SADTU is a subsidiary of the Congress of South African Trade Unions (COSATU), a member of the ruling Tripartite Alliance, together with the ANC and South African Communist Party.

The recent move will significantly destabilise the Liberal opposition’s budgetary process in the Western Cape, the only province it governs. They are forced to make R248 million in cuts under current conditions.

WCED head Brent Walters, in the recent budget circular, outlined stringent measures, citing the exclusion of substitute posts, excluding maternity leave scenarios. Acting appointments against vacant substantive School Management Team (SMT) posts, excluding principal posts, will not be facilitated.

Additionally, the filling of all office-based public service posts will be frozen, with activation limited to critical positions upon approval. These measures, effective from April 1, 2024, aim to stabilize the affordable post landscape within the confines of cost containment.

SADTU’s provincial secretary, Sibongile Kwazi, expressed dissatisfaction, and contends that substitutes being available only for educators on maternity leave could lead to unmanageable class sizes, especially in schools unable to afford substitutes. The circular’s silence on educators on incapacity leave and ill-health retirement raised concerns about the potential impact on academic outcomes.

Of course, SADTU was not concerned as to how else to make up for the funding shortfall.

The disagreement extends to the formal vacancy list for filling Post Level 1 vacancies, with SADTU proposing an alternative approach through Section 6A of the Employment of Educators Act, which governs the “first appointment or appointment after break in service of educator”.

The section requires all appointments for the filling of vacancies by teachers who have stood down for a period of time greater than a year to be run through the department heads. This imposes a significant paperwork requirement.

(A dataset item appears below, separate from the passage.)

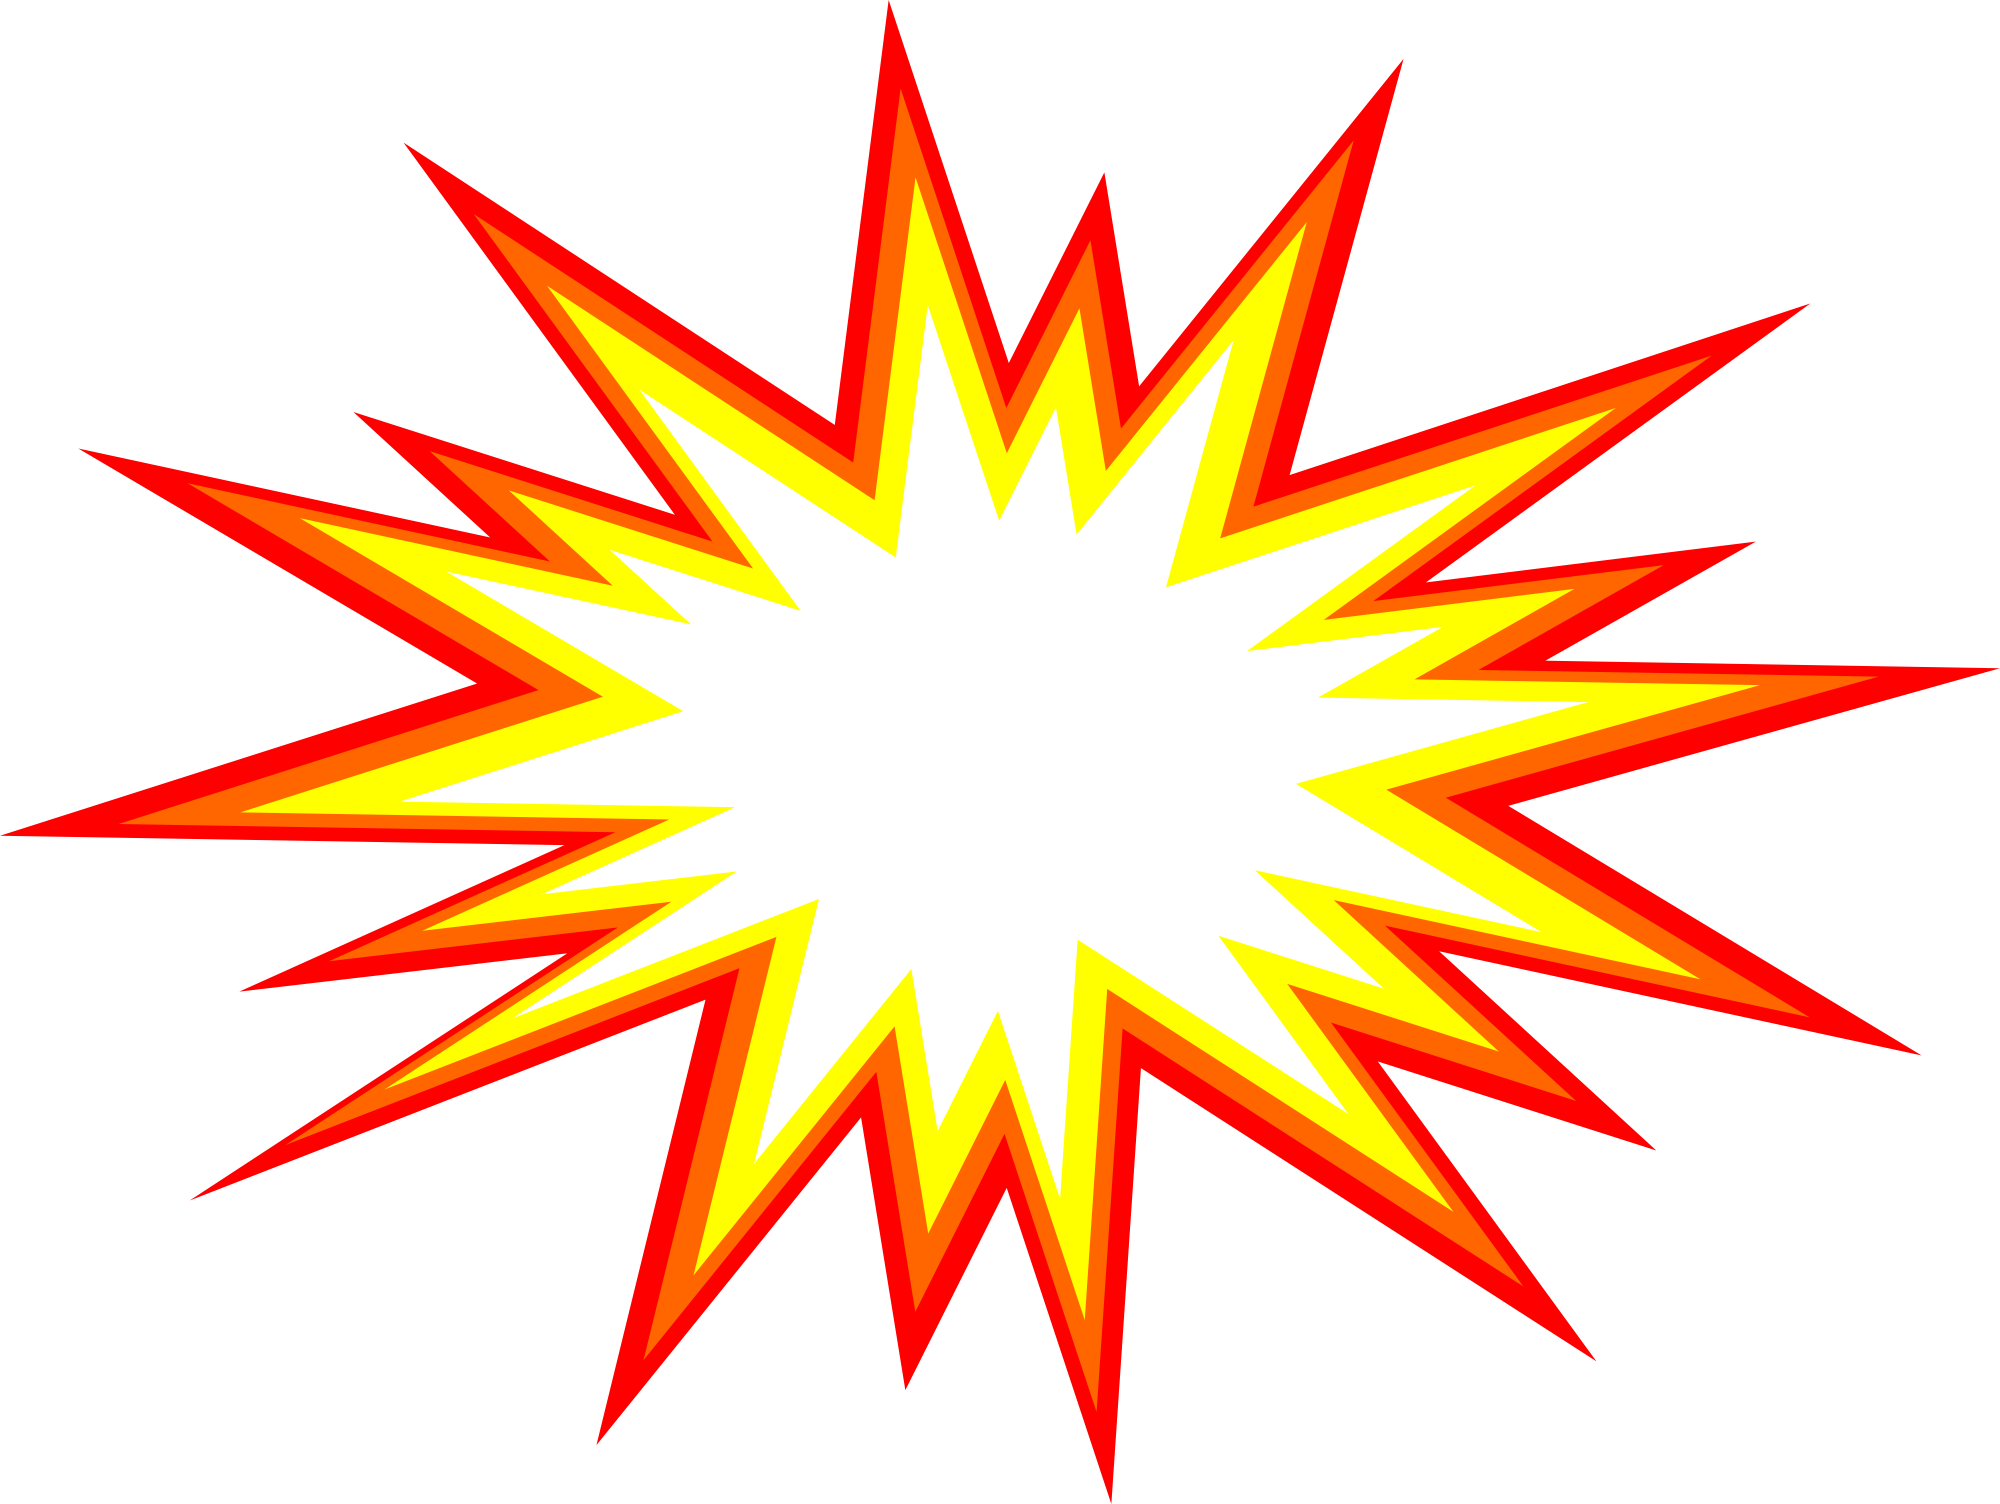 Starburst Explosion Background PNG Image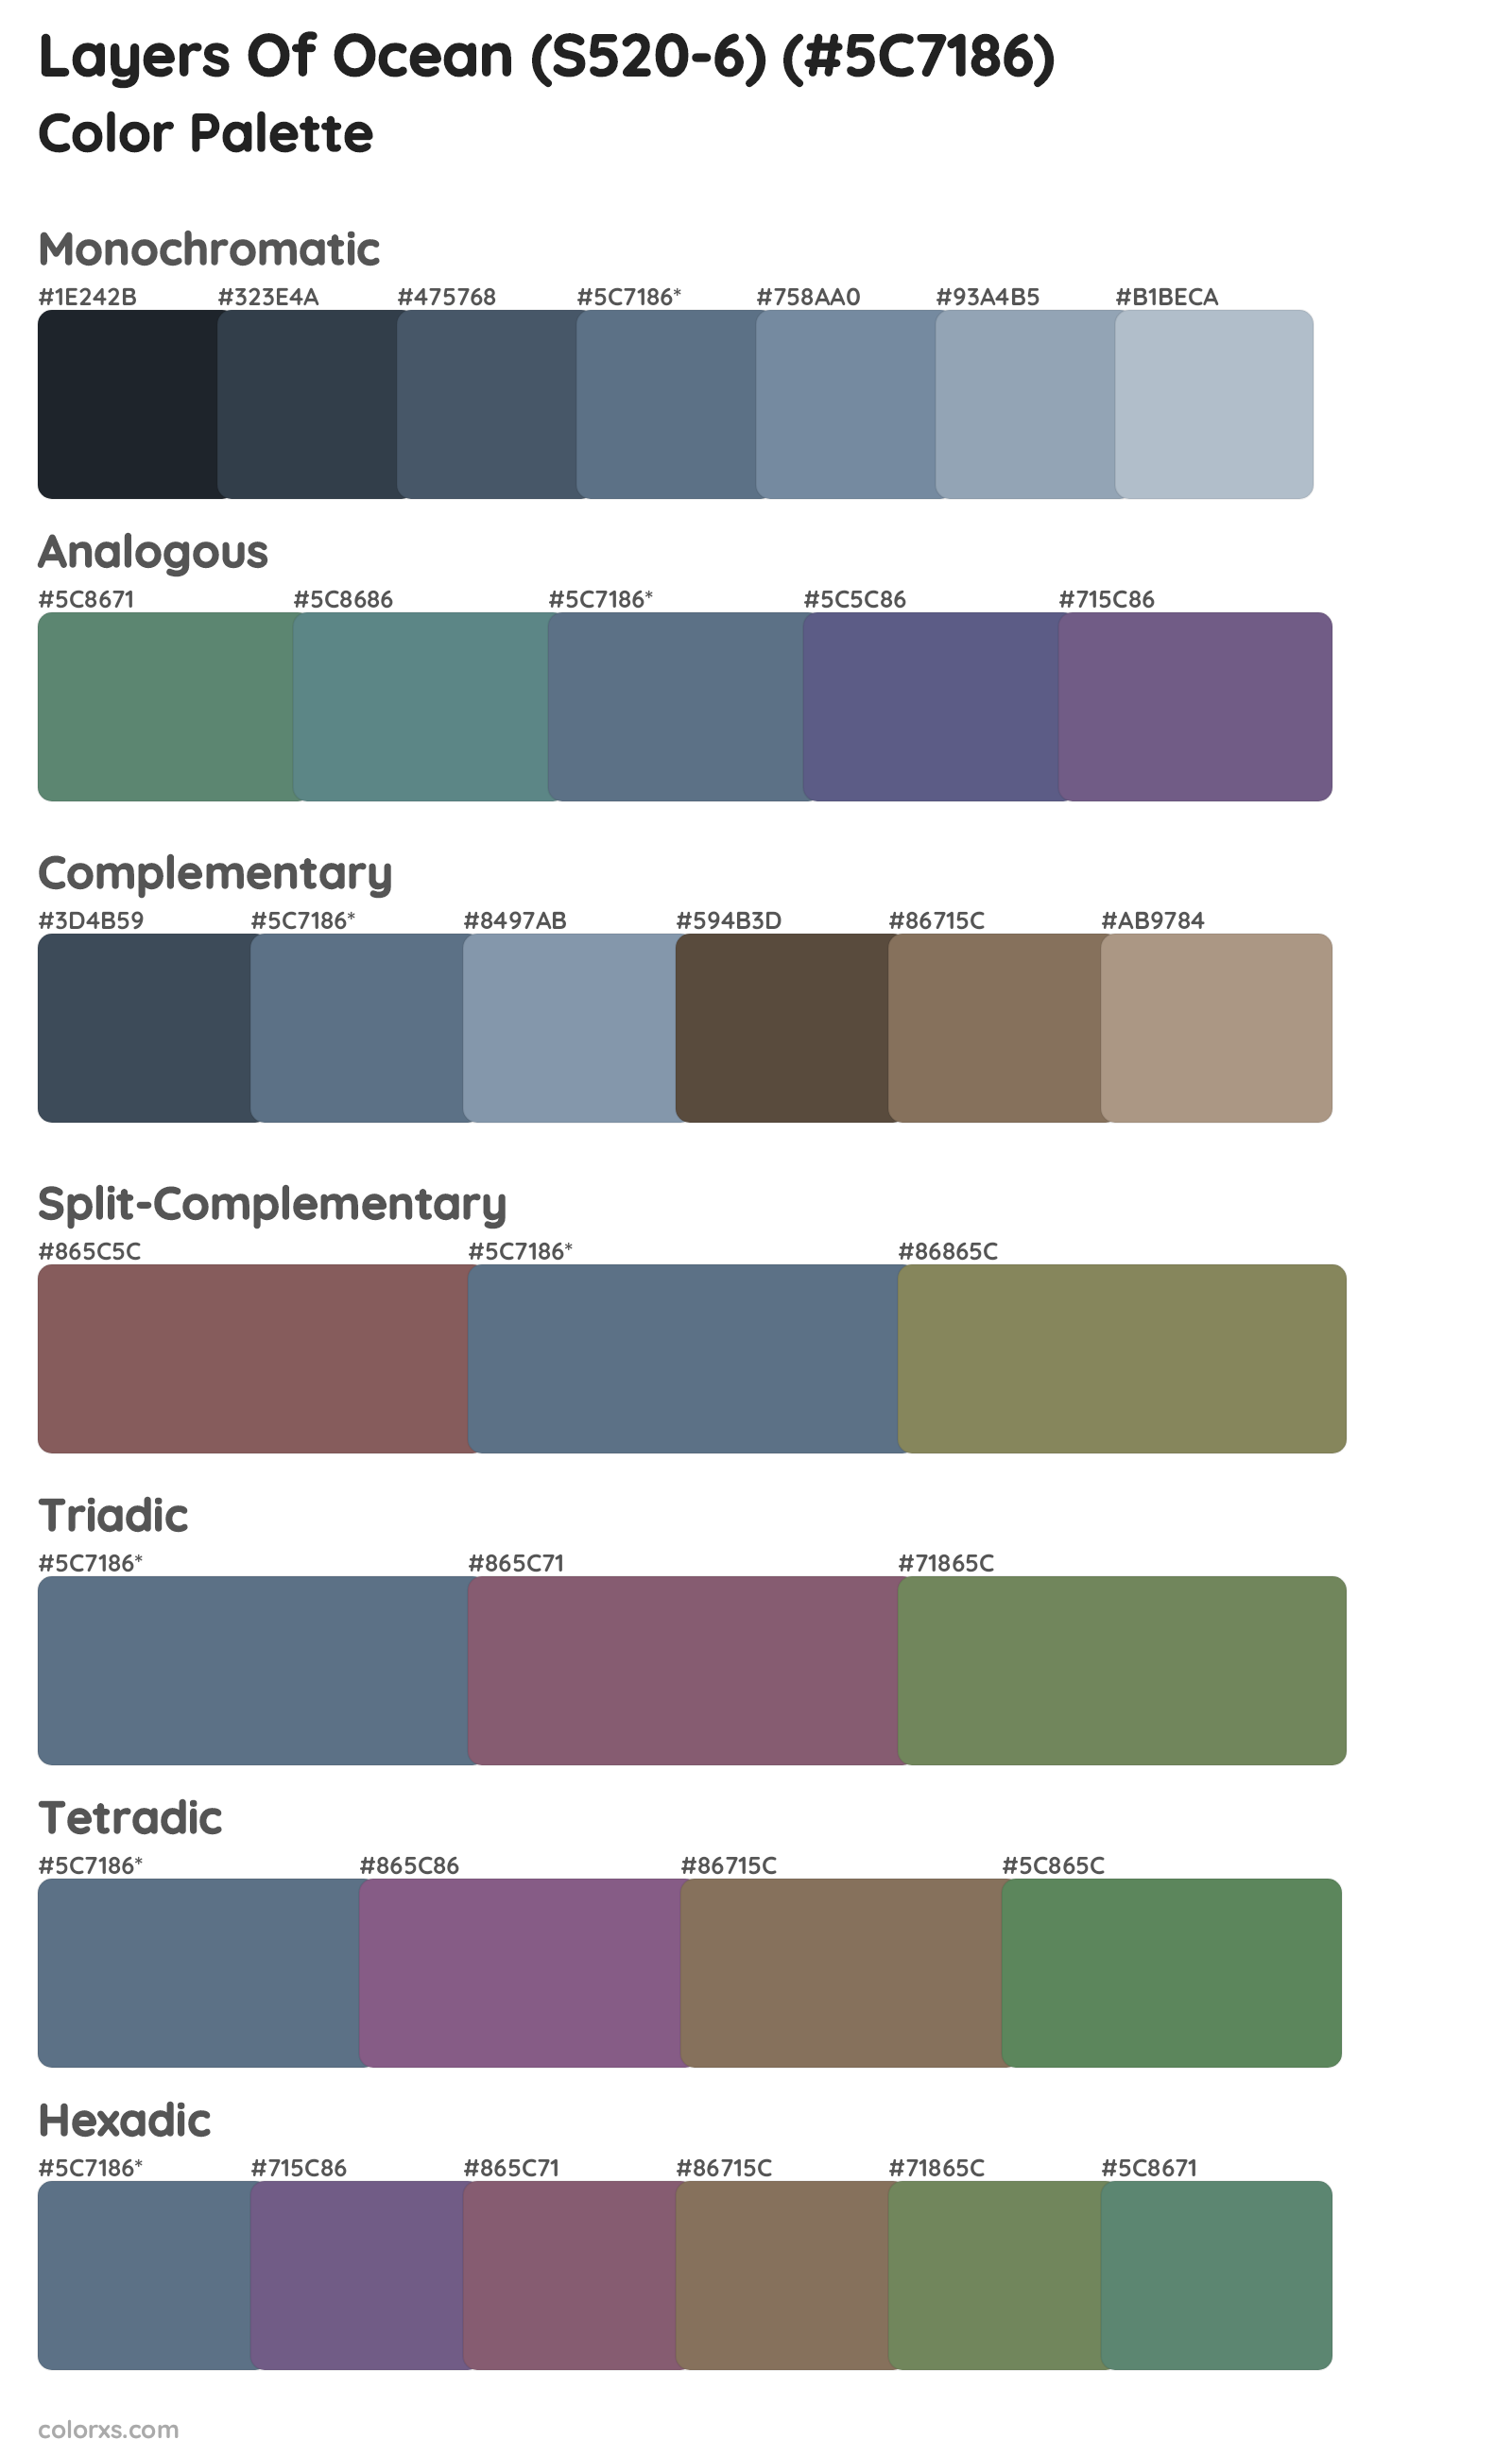 Layers Of Ocean (S520-6) Color Scheme Palettes

Education MEC David Maynier attributed his actions to a substantial R716.4 million cut from the National Treasury, forcing a realignment of priorities and inevitably impacting plans for learner expansion and infrastructure development.

As the WCED walks this budgetary tightrope, the intersection of financial constraints and educational imperatives underscores the delicate balance required to navigate the challenges ahead.